This makes so much more sense to me than this. I certainly appreciate the goal of getting more women in the White House and other political positions, but I think it’s a stretch to suggest that the gender of a candidate trumps all other factors including a candidate’s position on all issues. (I came across the EMILY’s List Web site by clicking on this ad in the NYTimes.)
With all due respect, Eszter, where does The White House Project suggest that nothing matters but sex? They focus on candidate’s sex, but nothing in their website leads to the conclusion that they’d support Bozo the Clown running for office if only Bozo was female.
They don’t say much about the position the candidates take. In this case it’s not so much what they say, it’s what they don’t say. It sounds to me like they’re more interested in having a woman than what that woman might stand for. That’s my understanding. If they have some specific issues in mind, I don’t think they do a good job of communicating that.
As long as they aren’t a total loony (Moseley Braun?), I’d almost certainly vote for a woman candidate for little reason other than her sex. I’d do the same for a black person. (Too bad Moseley Braun is a loony.) I feel that the symbolic value of breaking these barriers is enormous and justifies overriding other concerns. I recognize that reasonable people will differ with me on this. But I don’t think my position is unreasonable.
I’ve always liked Elizabeth Dole and I would have voted for her against Gore had she gotten the nomination. I’ve liked her ever since she was the chair of the Republican National Committee during the Reagan era and she single-handedly resisted the inclusion of an anti-abortion plank in the platform. I think she got a bad rap in the media when she was running. And her husband wasn’t very supportive.
Ooh—if only there were a moderate Democrat female candidate who is a veteran. Wow. That’d be so cool.
Oy veh. I have only one word to say on this issue - Thatcher. No indeed sex does not trump everything, or much of anything.
Keith, you’re being way too kind. That’s the nicest thing I’ve heard anybody say about Moseley Braun…
I’d like to echo Ophelia Benson’s timely reminder of Margaret Thatcher. I remember when she first ran for office that feminists across the UK were debating whether it was more important to have a woman in office, than party politics. Many thought that Thatcher would be remembered more for her gender than for her politics and voted accordingly. Boy, I bet they felt stupid!

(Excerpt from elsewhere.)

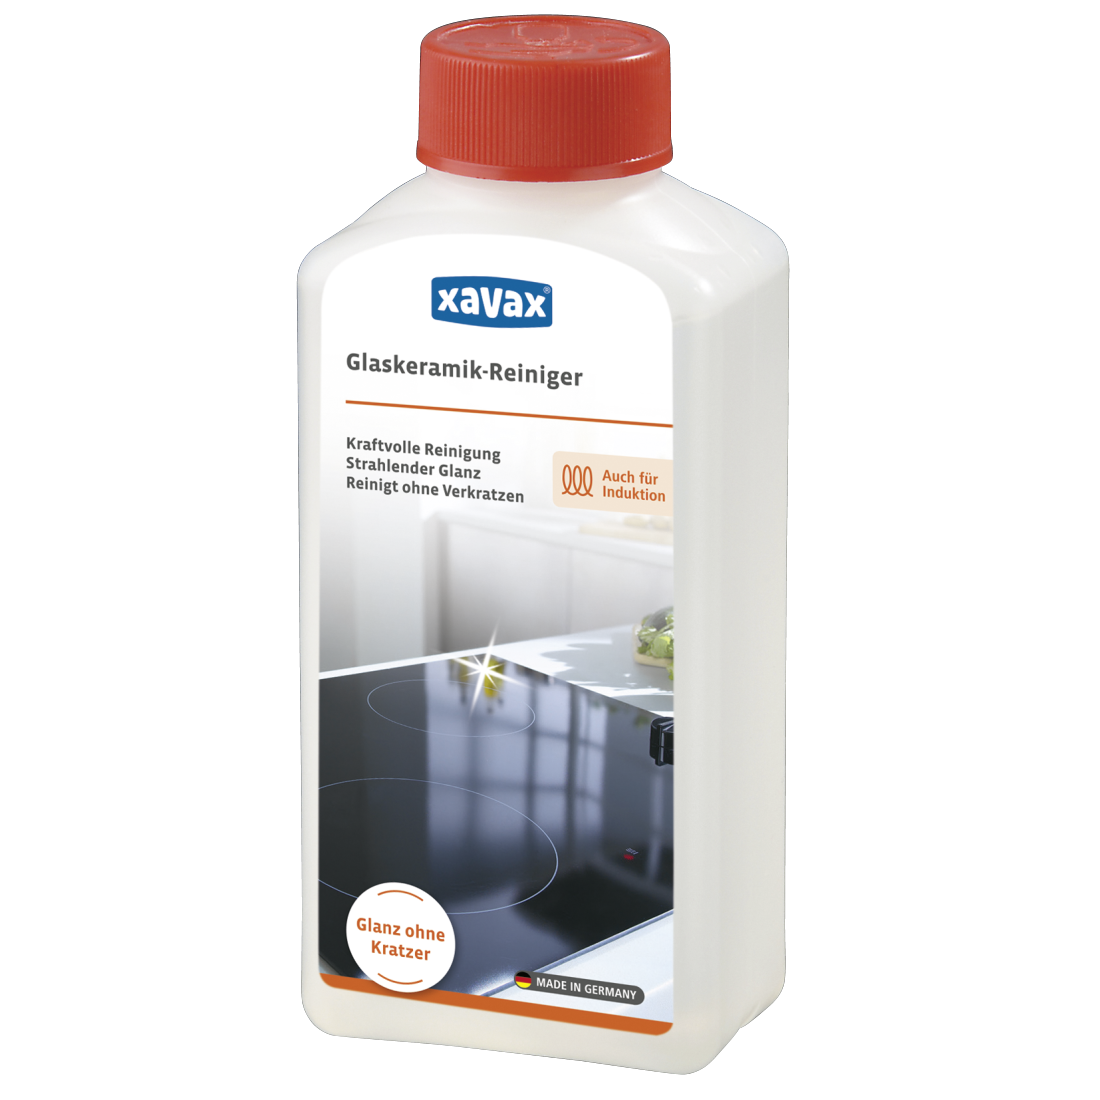 Produit Pour Nettoyer Vitroceramique 00111726 xavax nettoyant pour plaque vitrocéramique, 250 ml

I don’t know. Thatcher may have furthered the cause of women, worldwide, more than she hurt them by virtue of her policies.
I think that a female candidate for President of the US is now viable. But I don’t think that the general perception is that this is the case. How many fictional portrayals of the UK Prime Minister have been female since Thatcher’s day? How many fictional portrayals of US Presidents have been female?
Especially where legal barriers are removed or don’t exist, self-selection effects can be very large. I guarantee that a female US President would be followed by a large increase in the number of female Senators and US Representatives. And while the benefit of this may be hard to quantify; to me, in a world just now taking the first steps to eliminate sexism, it’s enormously important.
Preferring women for political office, merely because they are women, is sexist. Plain and simple. Maybe the historical sexism of the past justifies sexism in response, but that doesn’t make it any less sexism.
Depends upon one’s definition of “sexism”. As in the case of “racism”, if it means to “discriminate on the basis of X”, then you’re absolutely correct. If it means “oppression of a class of people on the basis of X” then your are not. Both definitions are useful for different purposes.
In this case, it would have been better had I written “oppression of women” instead of “sexism”.
As it happens, contrary to what you might expect from this exchange, I parted ways about ten years ago with contemporary feminism (as it had become “difference feminism”) and began self-identifying as an “anti-sexist” rather than as a “feminist”. And, as a general rule, I think that the cause of women (and men) in our society is now best served by an anti-sexist agenda rather than a feminist agenda. Even so, there are definitely exceptions where I feel that an explicitly “sexist” (in your terms), pro-woman position is still warranted.
And, in much of the non-Western world, women are still effectively chattel and the focus quite rightly should be upon ending their slavery, not ending “sexism” in its generalized sense.